Selon ces diverse conceptions, il y a, sous des formes différentes, préexistence de l’âme humaine qui s’incarne ensuite dans un corps dont elle est prisonnière. En fait il s’agit là d’un thème assez répandu. On sait que cette chute dans la matière d’une âme “divine” qui devient prisonnière du corps est un élément important du mythe gnostique. Ce thème fut aussi, sous une forme assez radicale, repris par le manichéisme ; et plus tard, également, avec des nuances, par les Cathares.

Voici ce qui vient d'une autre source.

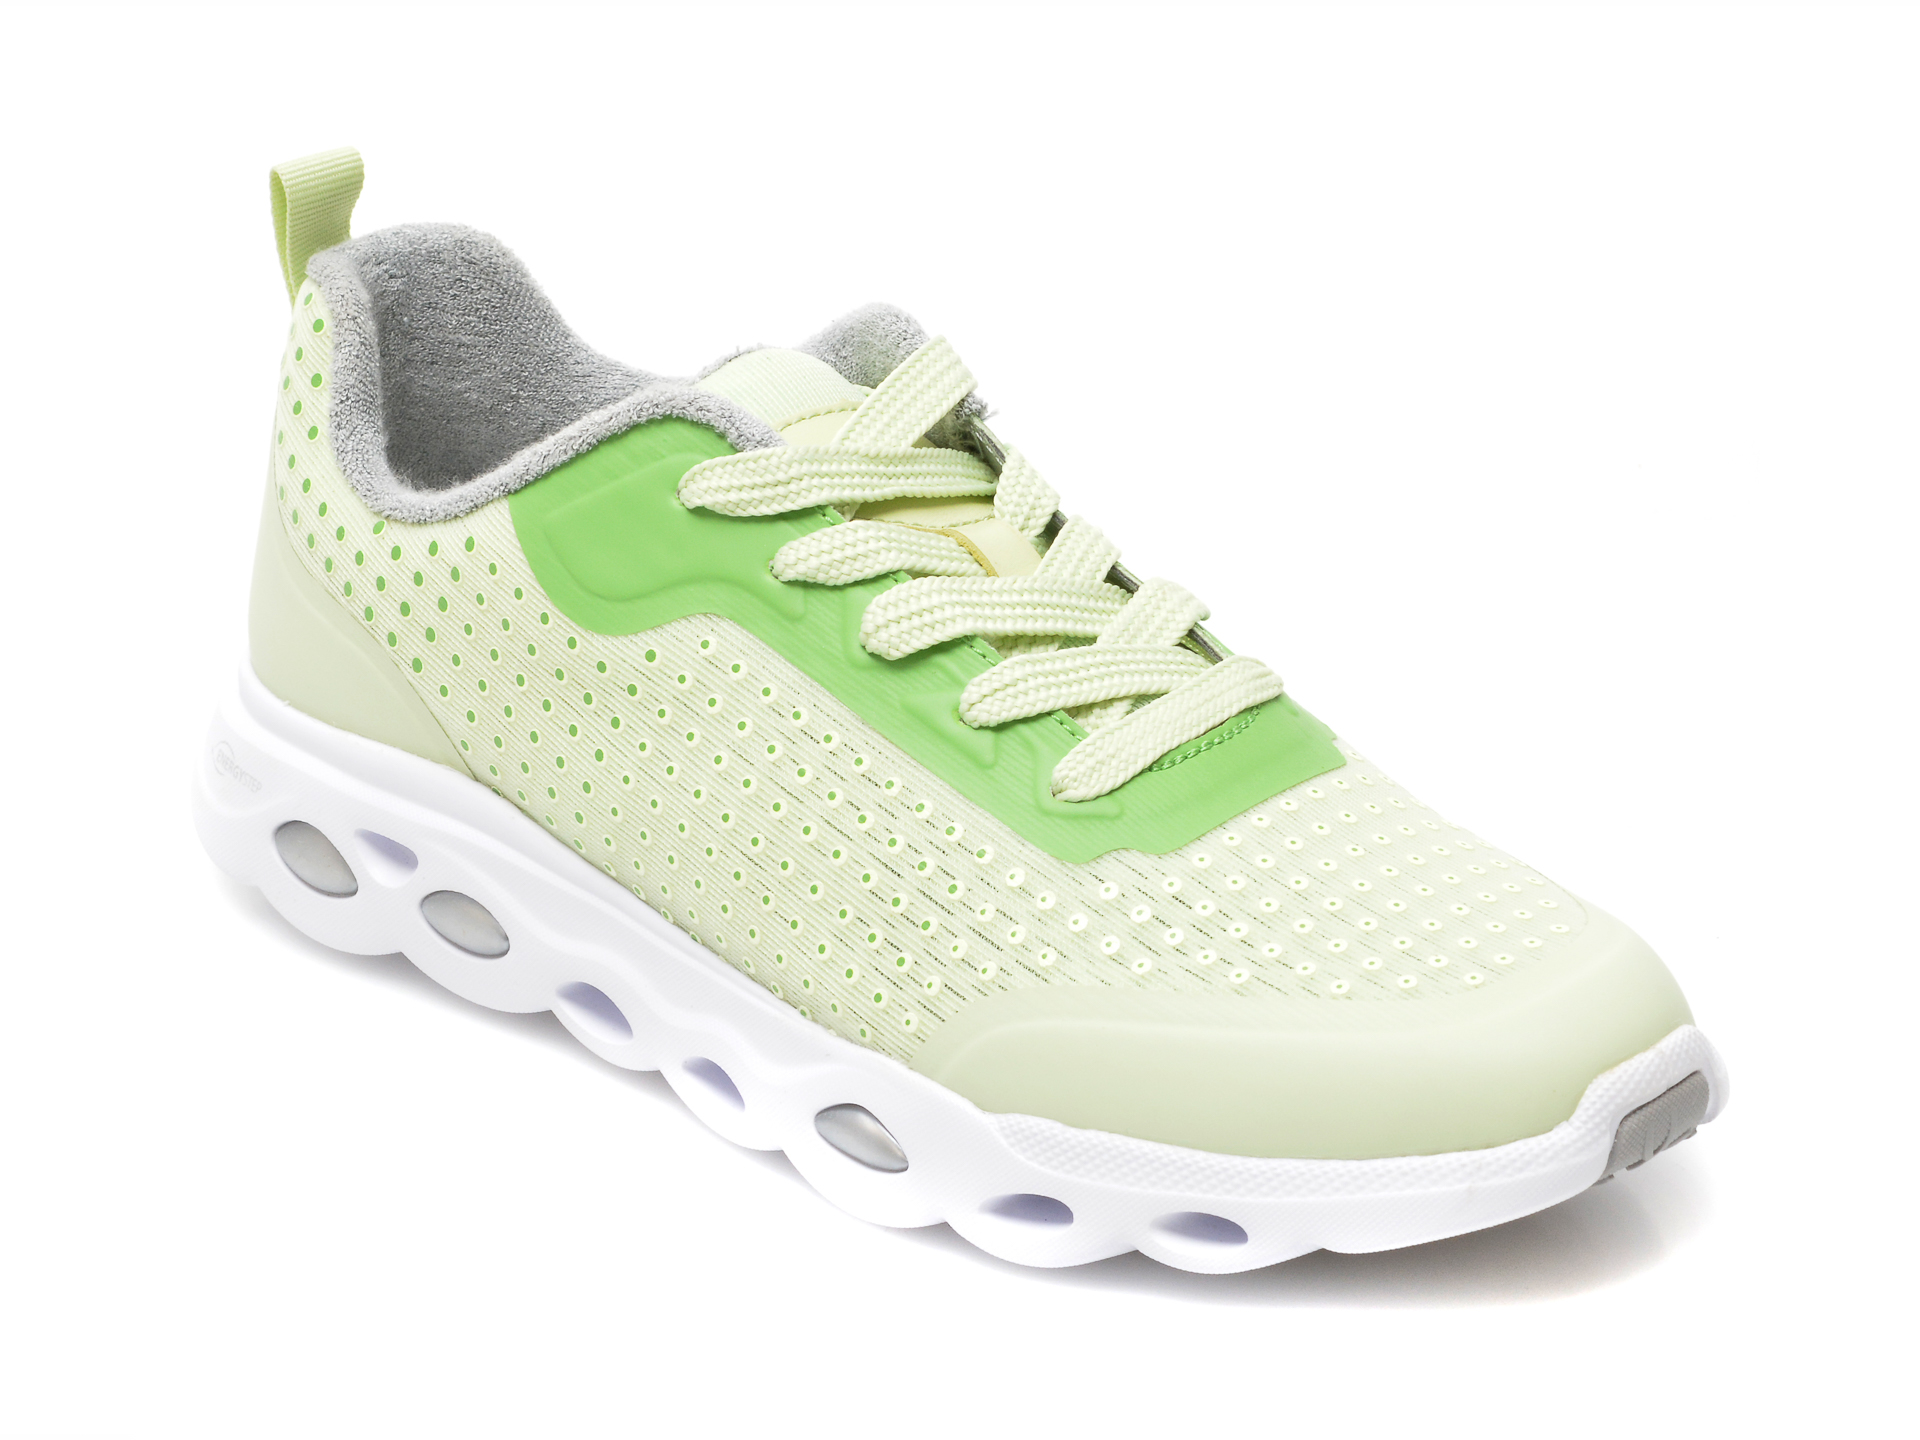 Pantofi sport ENERGYSTEP verzi, 12110, din material textil si piele ecologica

Sur ce point, la tradition judéo-chrétienne est peut-être moins claire. En Genèse 2, Dieu communique à l’homme son souffle de vie après avoir façonné l’homme avec de la poussière. Ce souffle de vie est en général compris comme l’âme (en latin anima, qui a donné le mot âme, signifie le souffle vital). Selon ce récit mythique, l’âme humaine ne préexisterait donc pas à l’être humain. La question, néanmoins a été débattue par les théologiens. Il est en outre à remarquer que le Christ, si l’on s’en tient au prologue de l’Evangile de Jean, existait sous forme “spirituelle » avant même la création ; et qu’au chapitre 8 du même Evangile, Jésus déclare à ses contradicteurs : “Avant qu’Abraham fut, je suis« . Thème déjà énoncé par Paul, notamment en Philippiens 2.

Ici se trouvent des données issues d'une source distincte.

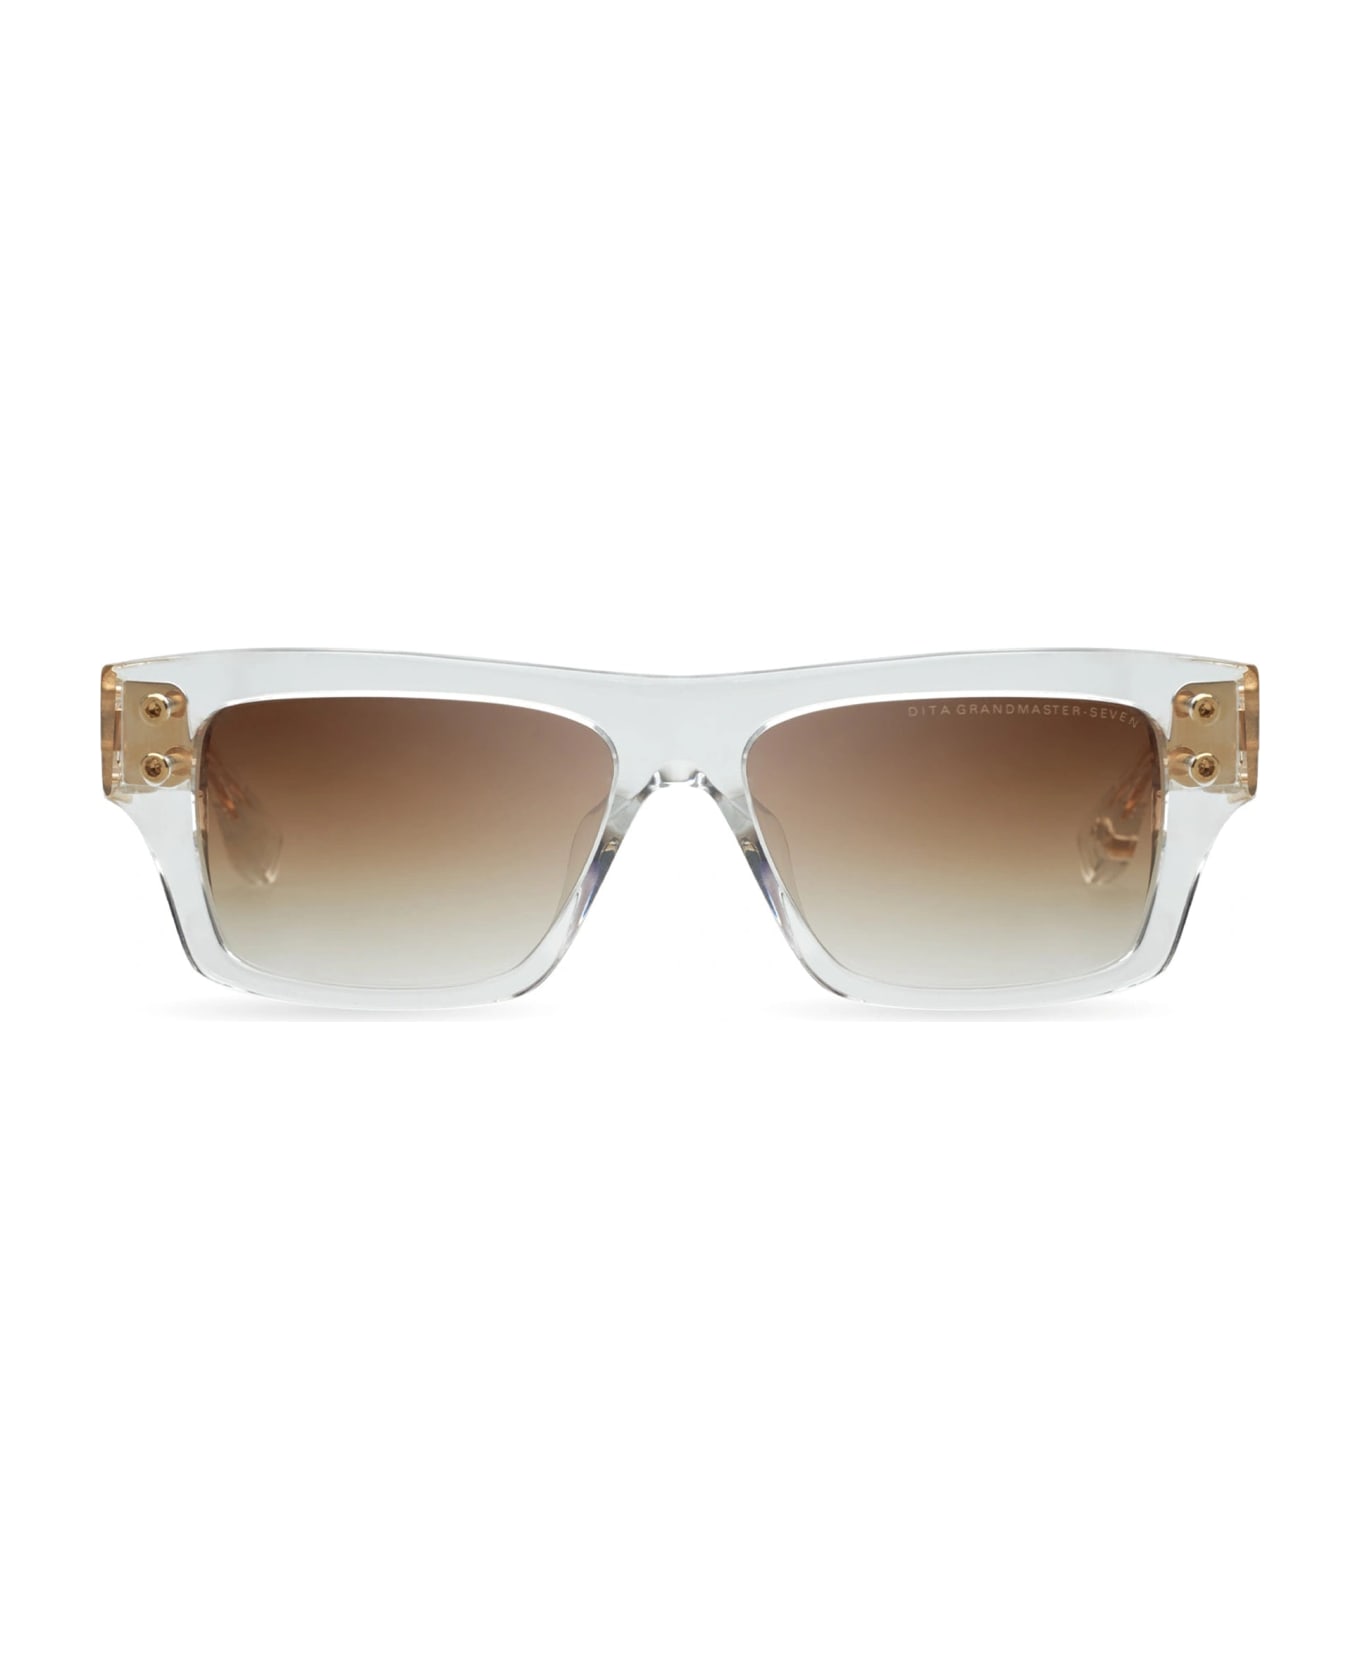 Dita Grandmaster Seven - Crystal / Gold Sunglasses - transparent/gold

Qu’y a-t-il au-delà de la mort ?

Edgar Morin, faisant le tour des diverses croyances “primitives » quant à l’après-mort(3), relève que finalement ces croyances peuvent se classer en deux grands groupes. Ou bien le mort renaît dans un autre être vivant, qui peut être un homme (la naissance d’un enfant fut même considérée par certains peuples comme le retour à la vie d’un ancêtre) mais aussi un animal ou même une plante. Ou bien le défunt ne meurt pas totalement, en ce sens que, lorsque la vie s’éteint en lui, une part non matérielle de son être (son “Ka« , son double, son âme…) continue à “vivre« , pour l’éternité, dans un au-delà qui peut, selon les croyances, être obscur et triste (les “enfers » des anciens Grecs par exemple) ou être lumineux et glorieux (le “Paradis » des bienheureux).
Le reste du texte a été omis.